LREC 2000 2nd International Conference on Language Resources & Evaluation
 

Previous Paper   Next Paper

Title A Proposal for the Integration of NLP Tools using SGML-Tagged Documents
Authors Artola X. (Dept. of Computer Languages and Systems, University of the Basque Country, 649 P. K., E-20080 Donostia, Basque Country)
de Ilarraza A. Díaz (Faculty of Computer Science University of the Basque Country (UPV/EHU) 649 p.k., 20080 Donostia (The Basque Country))

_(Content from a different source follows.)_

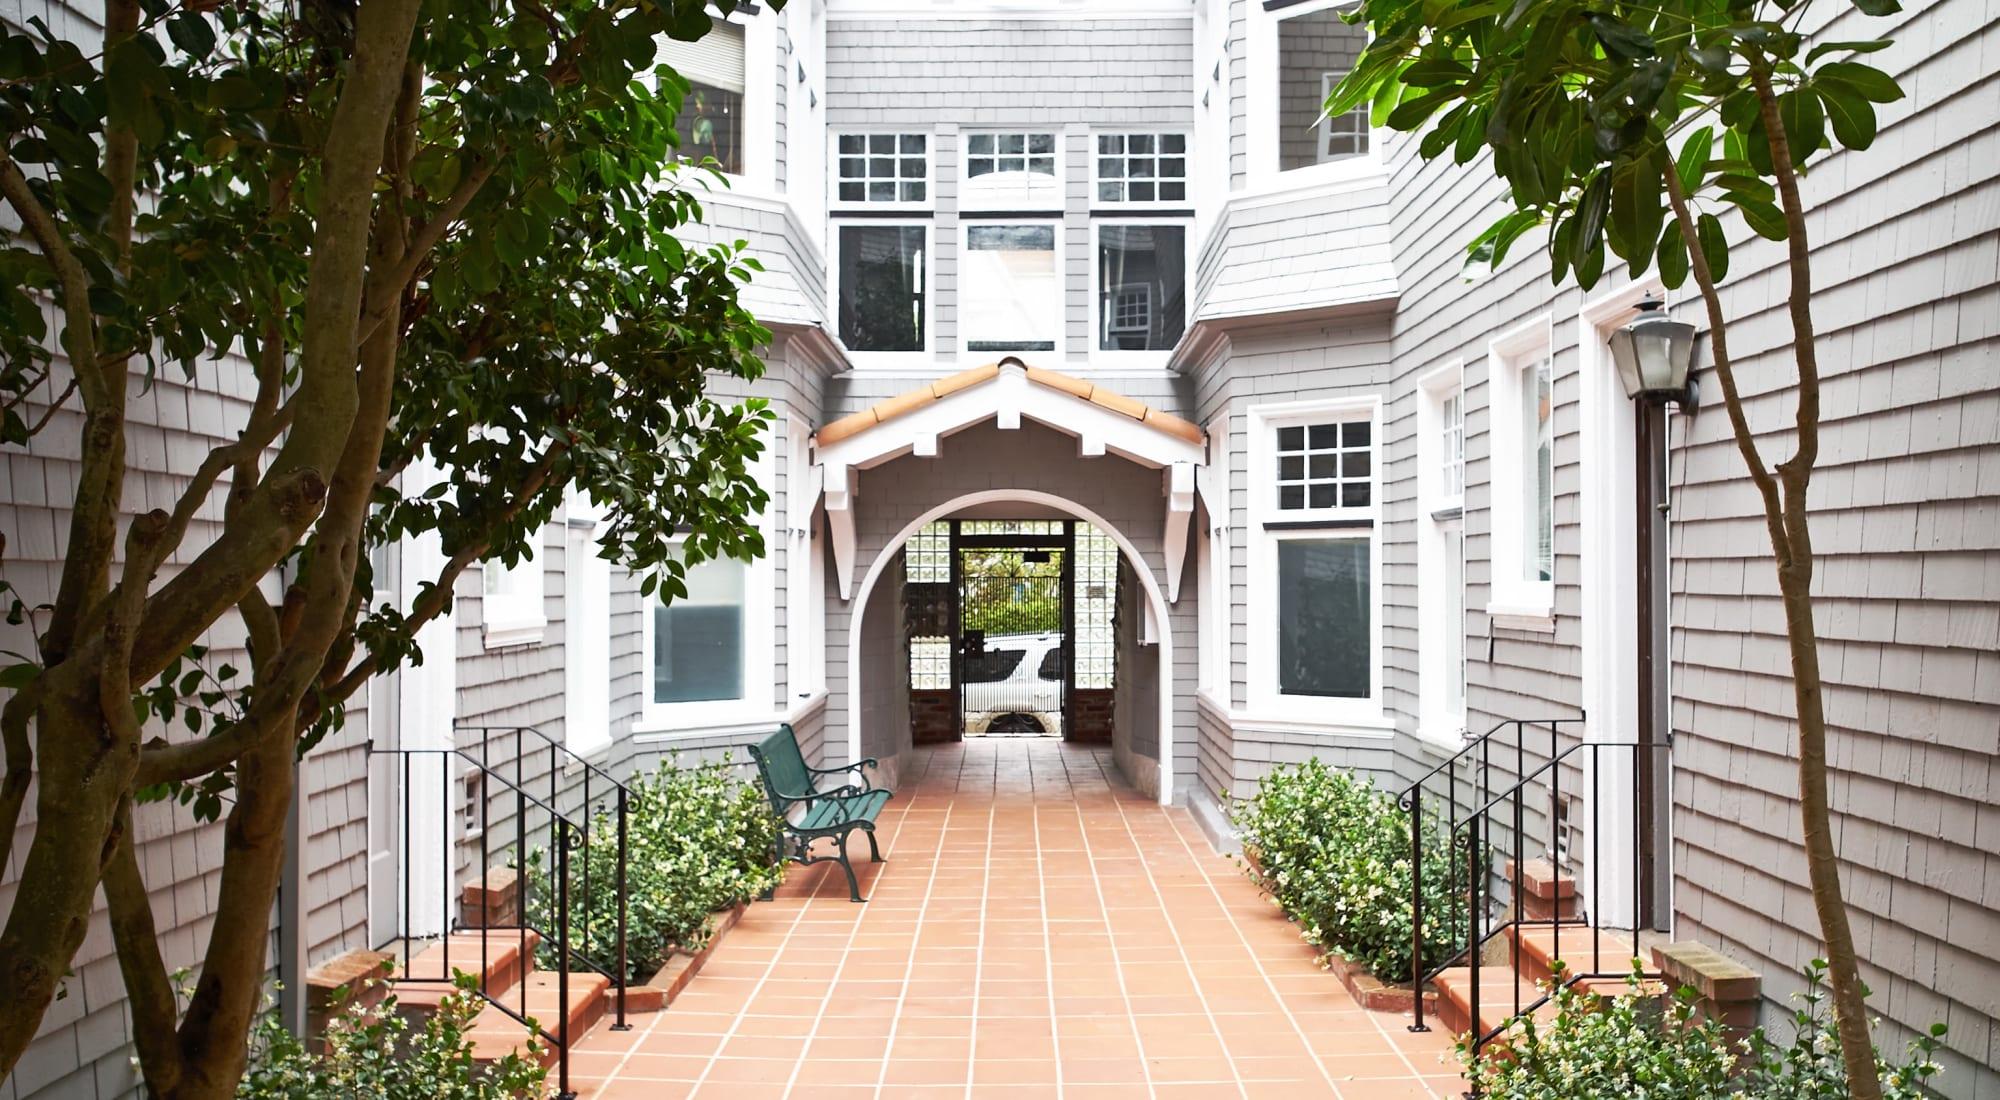 833 Ashbury apartments in San Francisco, California

Ezeiza N. (Faculty of Computer Science University of the Basque Country (UPV/EHU) 649 p.k., 20080 Donostia (The Basque Country))

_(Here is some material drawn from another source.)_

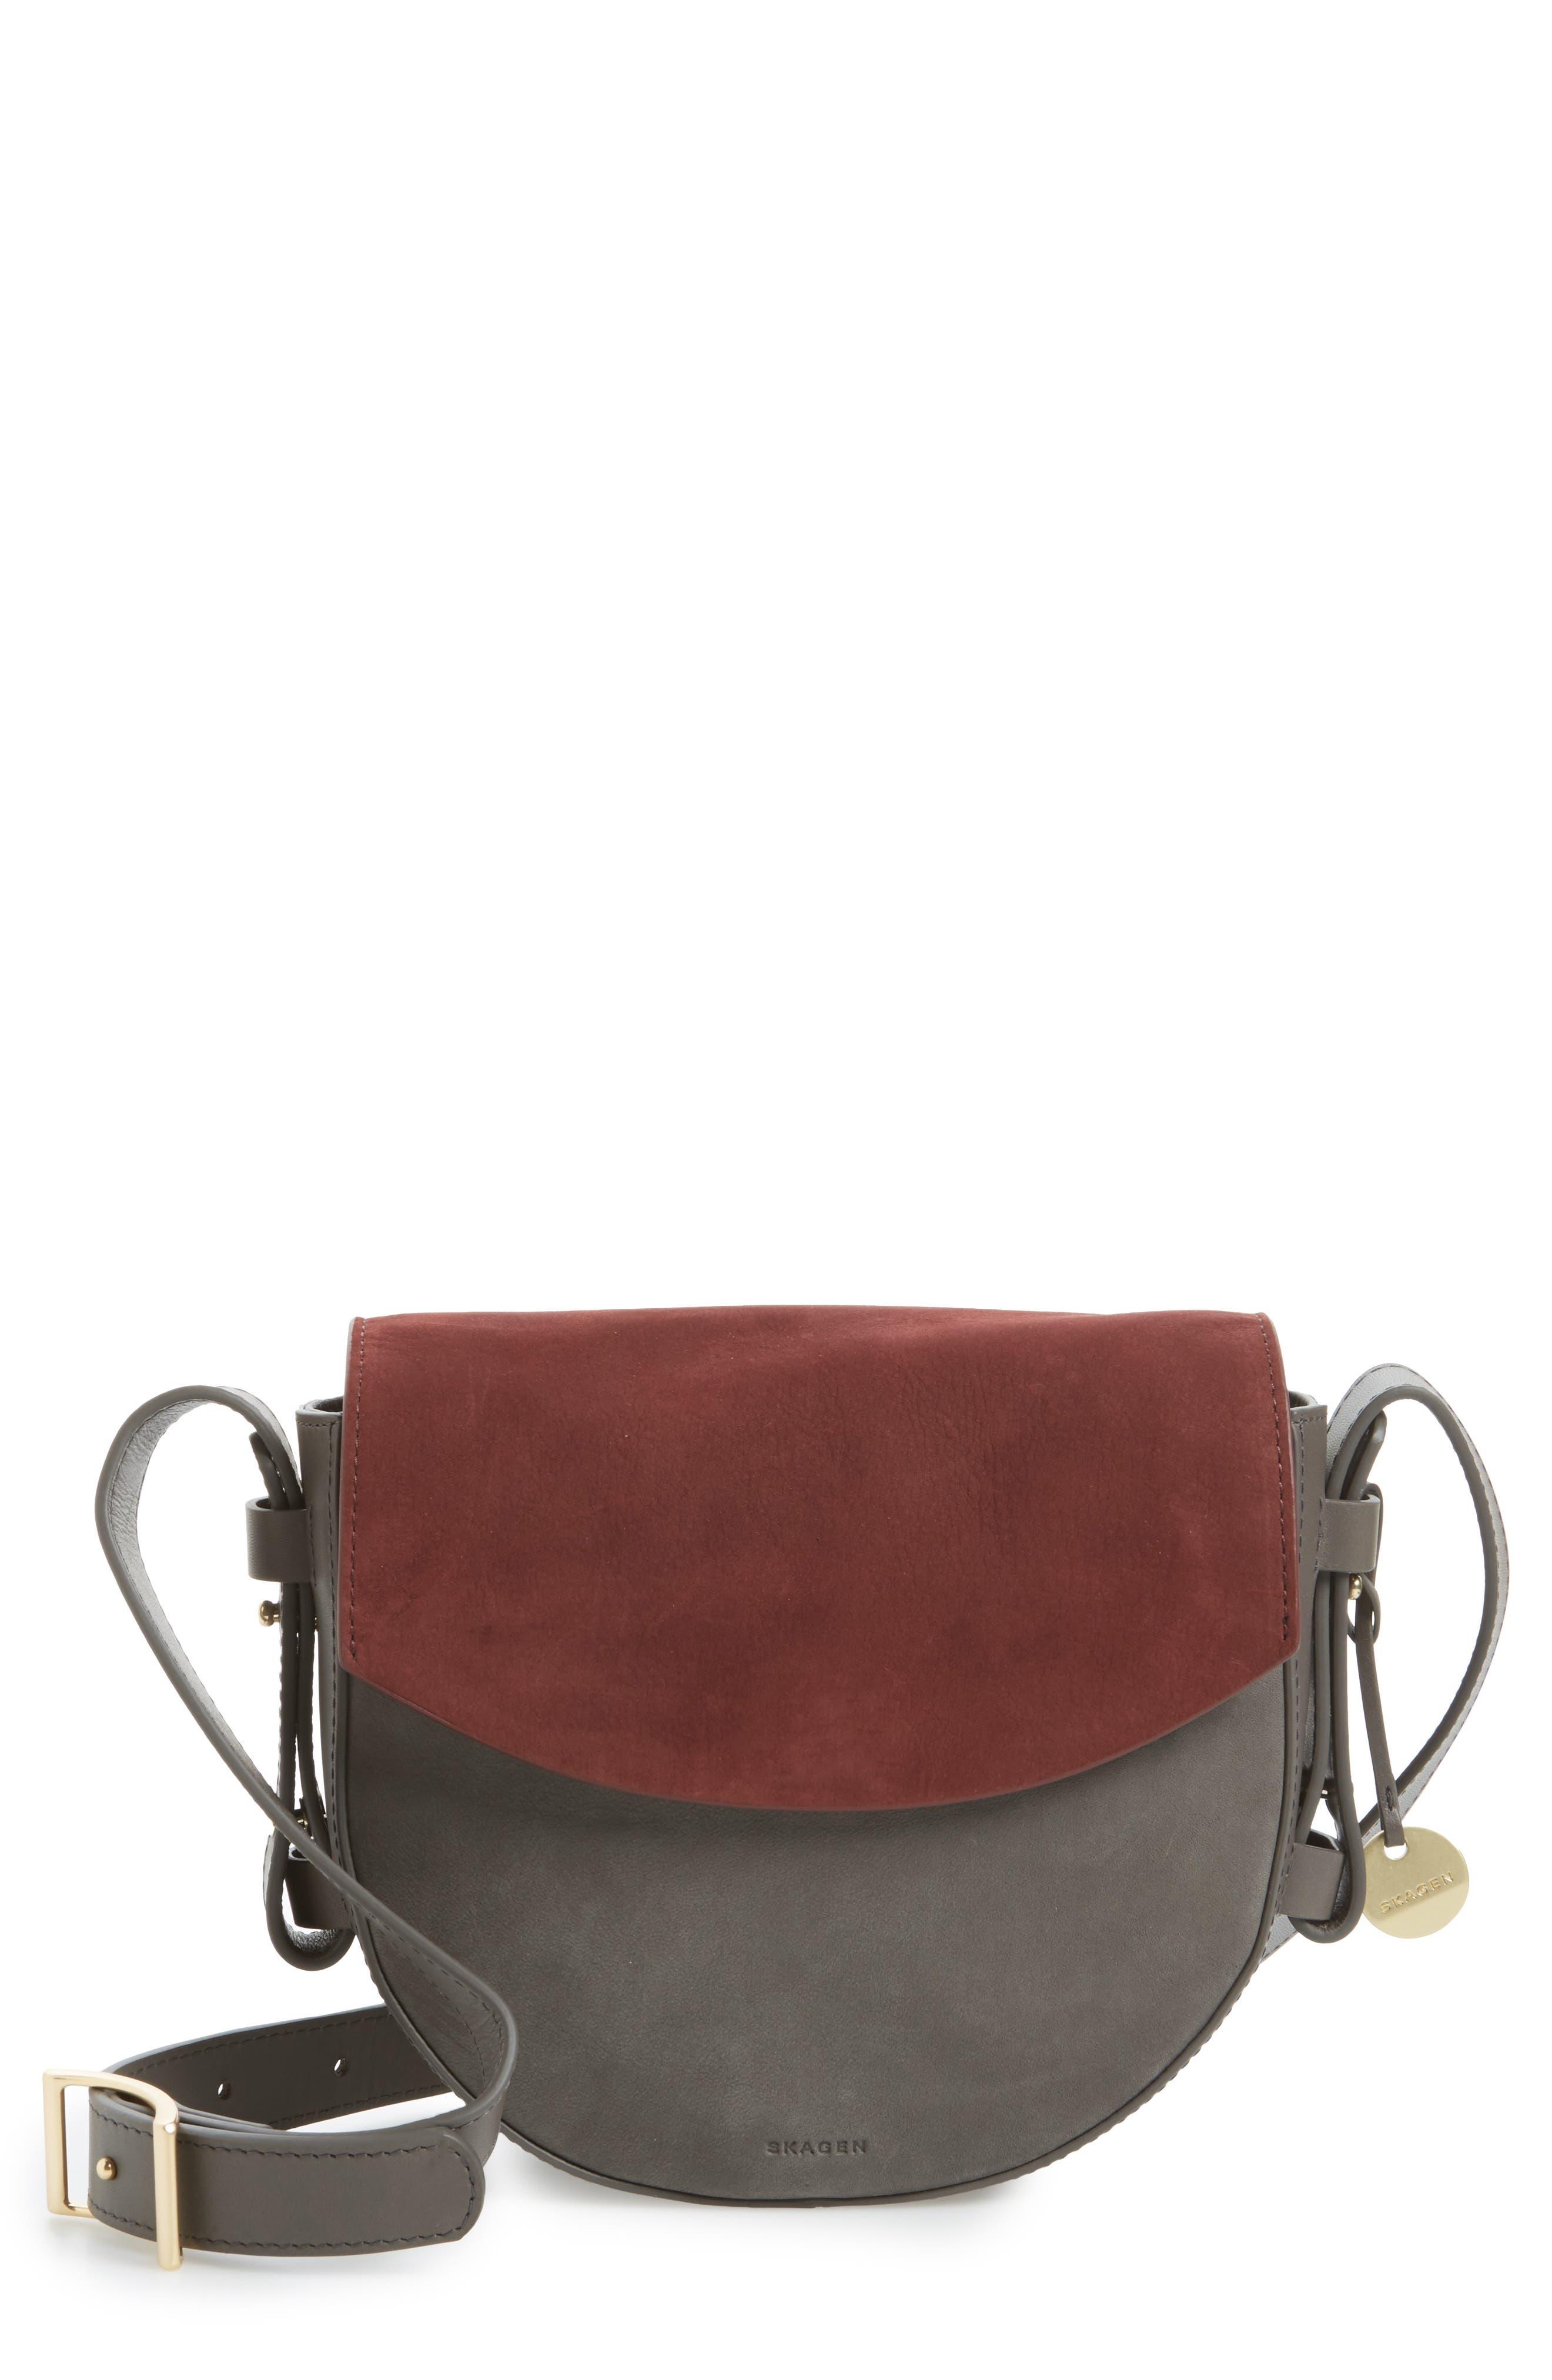 Lobelle Leather Saddle Bag,                             Main thumbnail 1, color,                             Pewter

Gojenola K. (Dept. of Computer Languages and Systems, University of the Basque Country, 649 P. K., E-20080 Donostia, Basque Country)
Maritxalar A. (Dept. of Computer Languages and Systems, University of the Basque Country, 649 P. K., E-20080 Donostia, Basque Country)
Soroa A. (Faculty of Computer Science University of the Basque Country (UPV/EHU) 649 p.k., 20080 Donostia (The Basque Country))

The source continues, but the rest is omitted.